Max Miller's house in Burlington Street

Max Miller plaque
Photo by Tony Mould
25 Burlington Street
Photo by Tony Mould

Born Thomas Sargent in Hereford Street, Brighton, in 1895, Max Miller topped the bill in music halls and theatres for the best part of half a century.  He served in the First World War and, in 1919, started a long showbiz career in a seaside concert party with Jack Sheppard’s Entertainers in Brighton.

Max Miller became a household name but never lost his Brighton roots. He lived in Burlington Street for fifteen years at the height of his fame.  He loved home so much that he had a clause built into his London contracts that he should be able to catch the last train back to the coast.

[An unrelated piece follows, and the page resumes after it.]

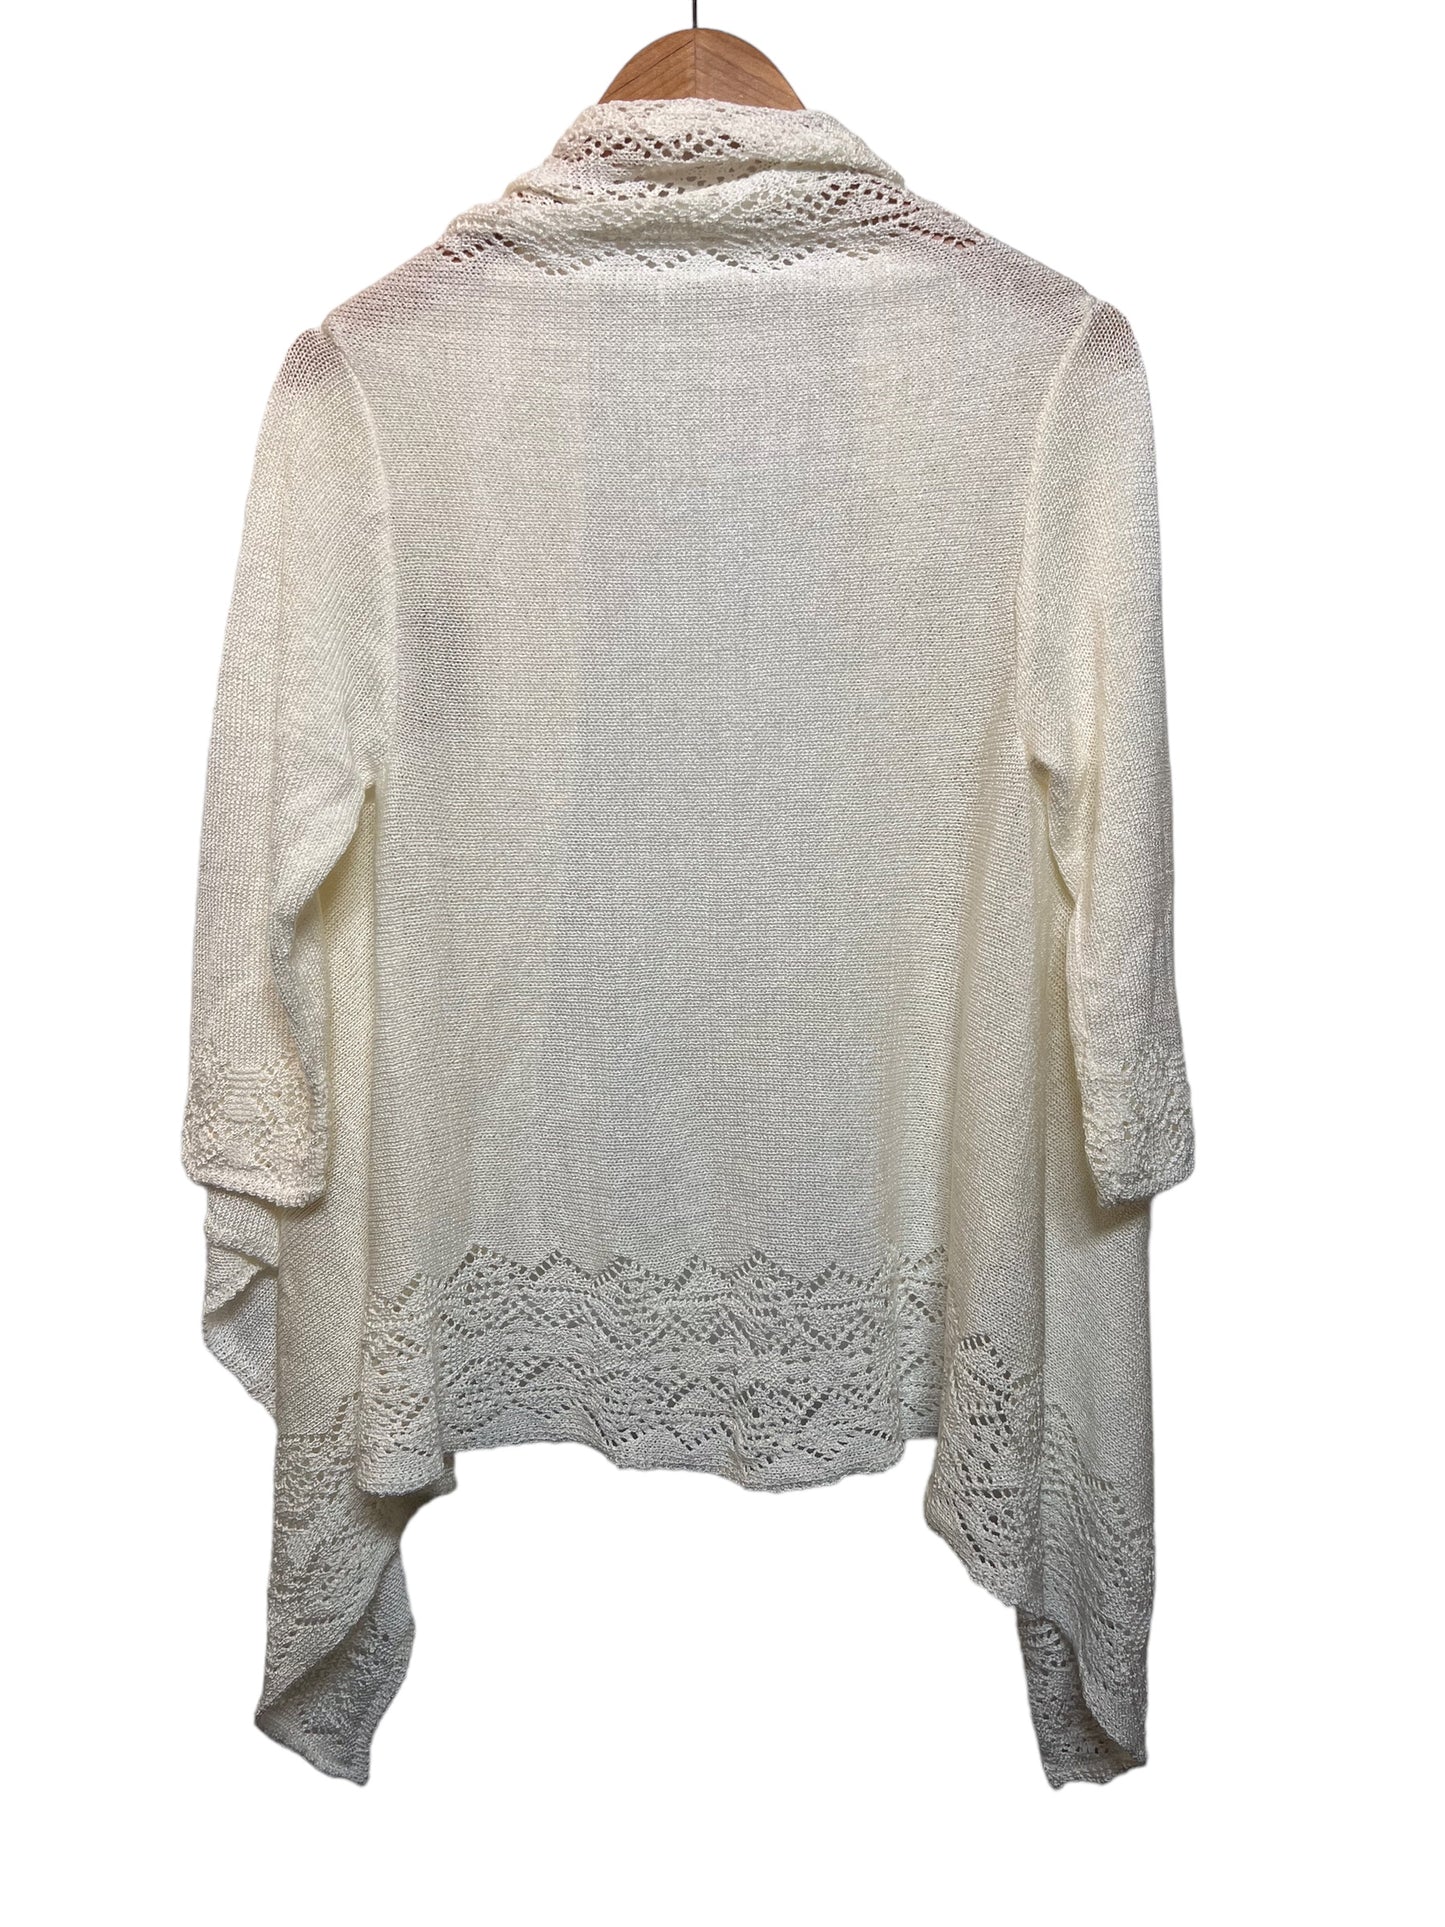 Women’s Knitted Open Cardigan (Size M)
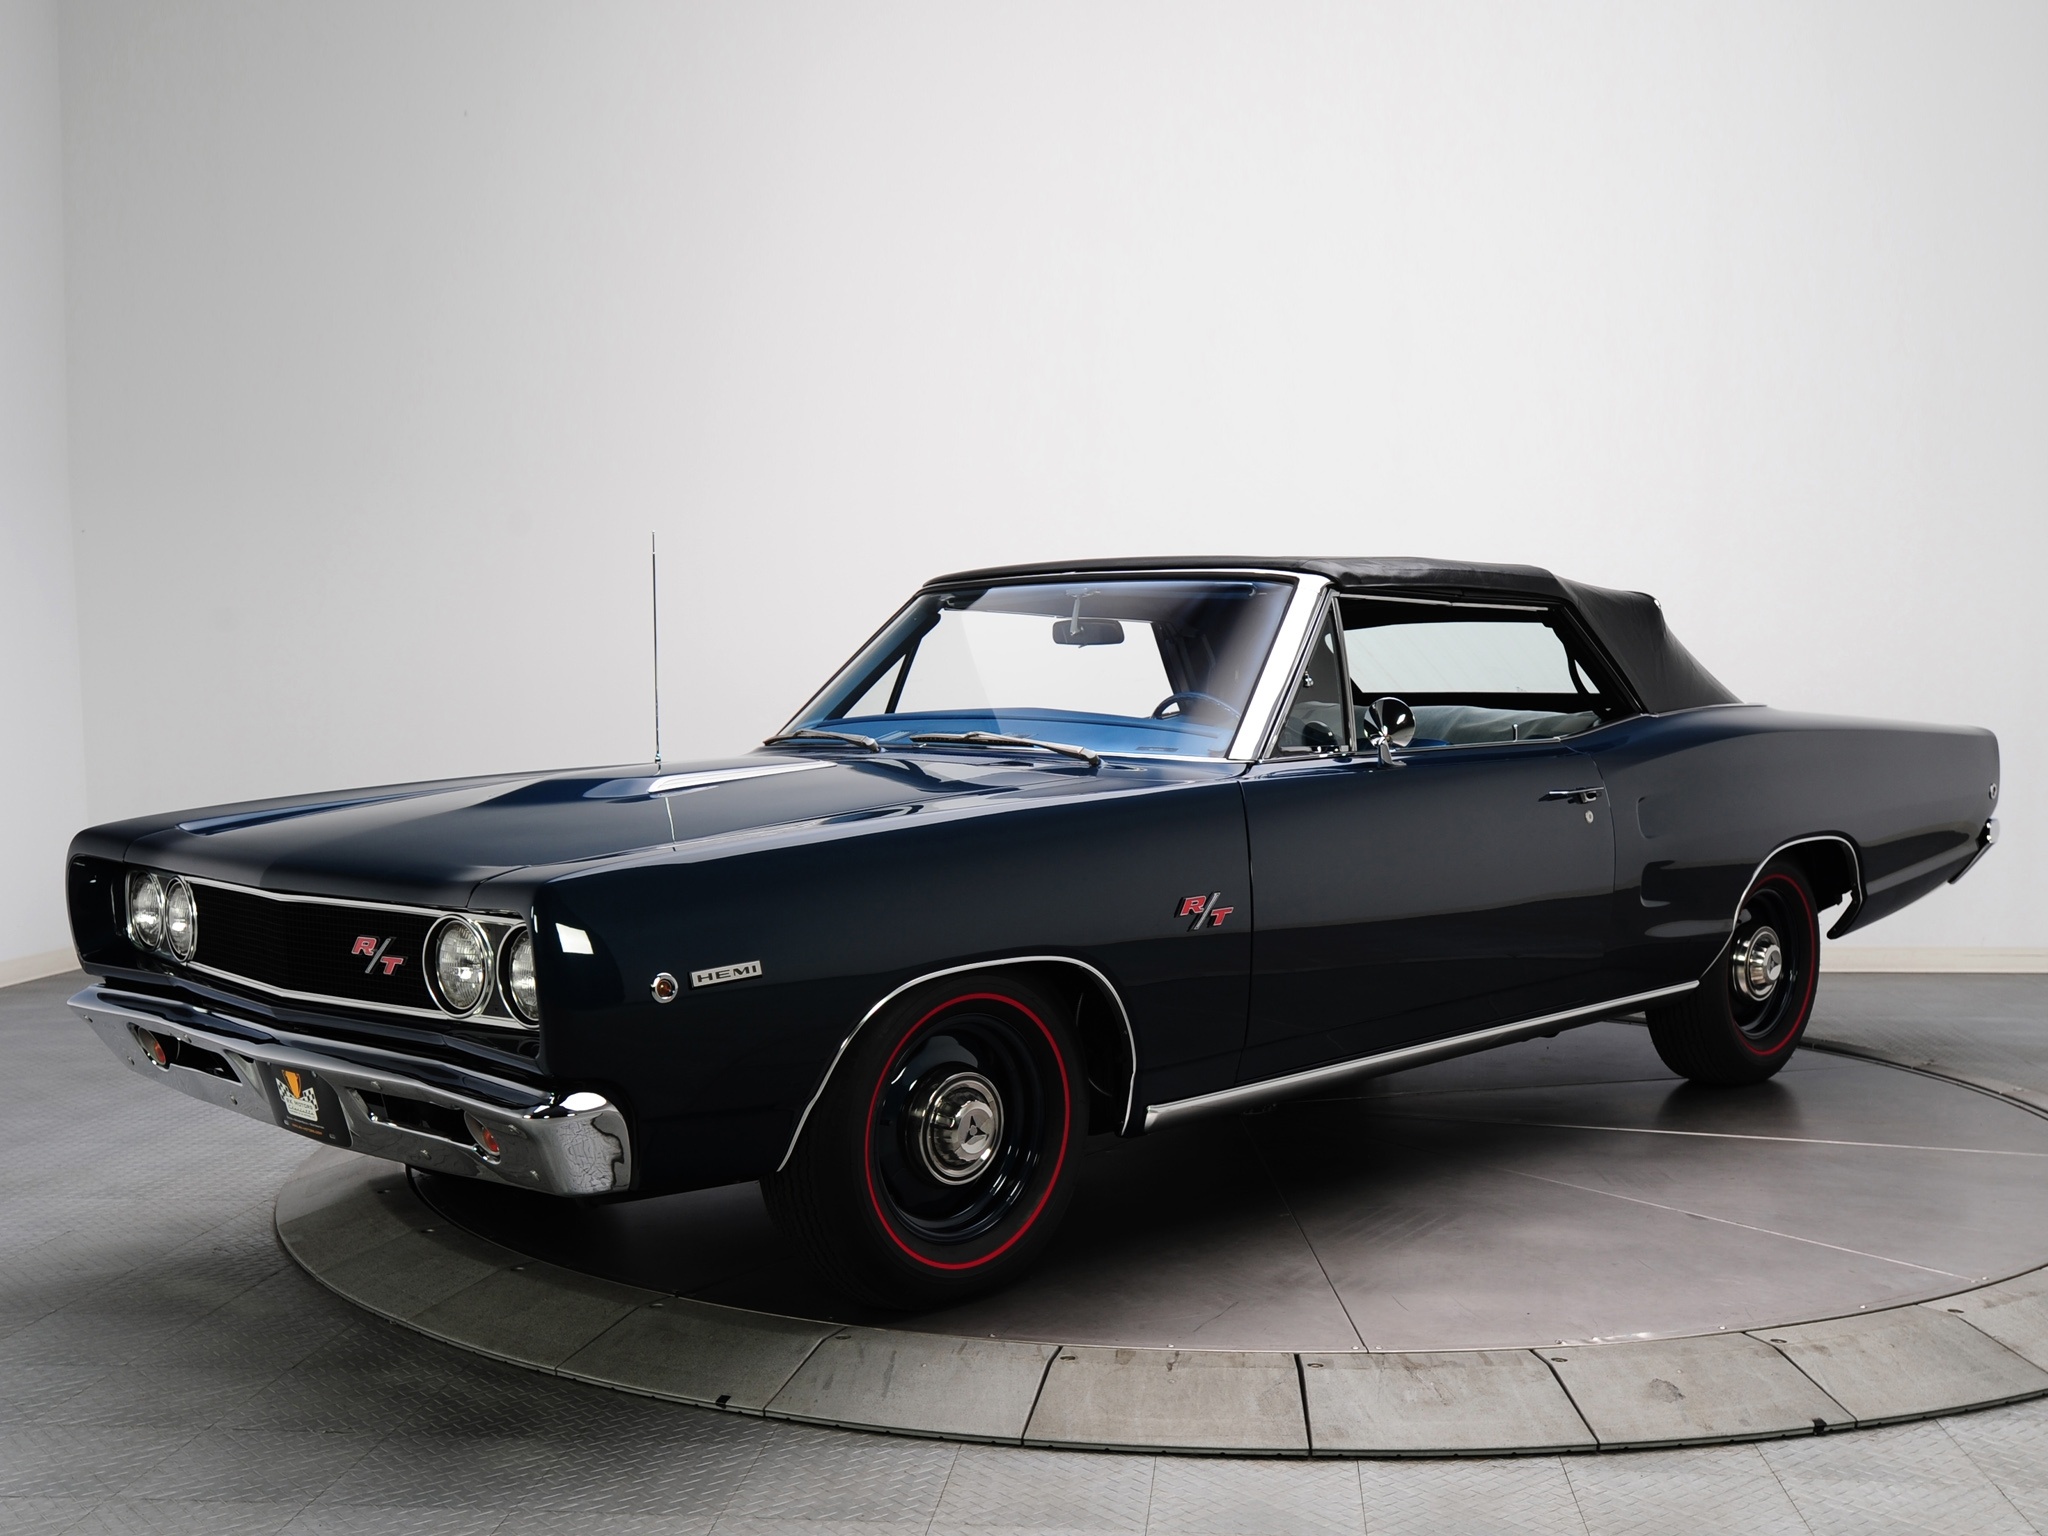 Coronet, Dodge Coronet, Convertible wallpapers, High-quality pictures, 2050x1540 HD Desktop

Known as the ‘Cheeky Chappie’,  Max was the master of the double entendre and innuendo. He was never directly lewd although his near-the-knuckle humour got him into trouble with the BBC.  Max was always dressed in his famous flower-patterned suit with the slightly tilted trilby hat. His signature tune was ‘Mary from the Dairy’.

Brighton has celebrated its most famous entertainer by erecting a statue to his memory and naming a bus after him.

Comments about this page

  • A few Sundays ago I attended the second unveiling of the Max Miller statue. The first time the statue was pointing towards the Theatre Royal, but now it is pointing towards Church Street. Can anybody explain why?

    By Wayne Wareham (03/09/2007)
  • In its old position, the statue was situated in front of a west facing wall, the finger pointing towards the Theatre Royal. Appropriately so, as Max appeared there. In its new position, the statue faces north towards New Road and Max points towards an office block which was built on the site of the oldest music hall in Brighton, the Empire (1892-1967).

    By Max Miller Appreciation Society (16/07/2008)
  • His other house is in Southwick, just a couple of miles from this one. It is now an old people’s home but used to be owned by the CEGB. I lived there for a year along with other lads as we were all first year apprentices.

    By Pete (17/04/2012)
  • I was also one of the CEGB apprentices (1966/7) who lived in Max’s house. It was, and still is, in Kingston Lane. As it is on the west side of the lane it is actually in Shoreham. I had to live there despite the fact that I lived about a quarter of a mile away in Cross Road, Southwick. I love Max’s routines and I count it a great privilege to have lived in the old part of the house. Our room was the front corner bedroom where Max may have actually slept.

    By Peter Monk (18/12/2015)
  • Regarding Max Miller, I was a bit surprised to see where his ashes were. I now live in Oxfordshire, since 1962, and go to Brighton now and again to meet up with some of my family that live in Hove and Lewes.
    When I went to the crematorium cemetery at the top of Bear Road on one occasion, I saw that Max Millers ashes were laid in the niche wall next to the wall where my parents ashes are laid. Max Millers had decorations over his niche, I had to smile I must admit, Max being the ‘Cheeky Chappie’.

    By Victor A Bath (24/08/2020)
  • My mother used to clean for Max Miller in Burlington Street, her name was Gladys Humphrey and she lived in Hereford Street.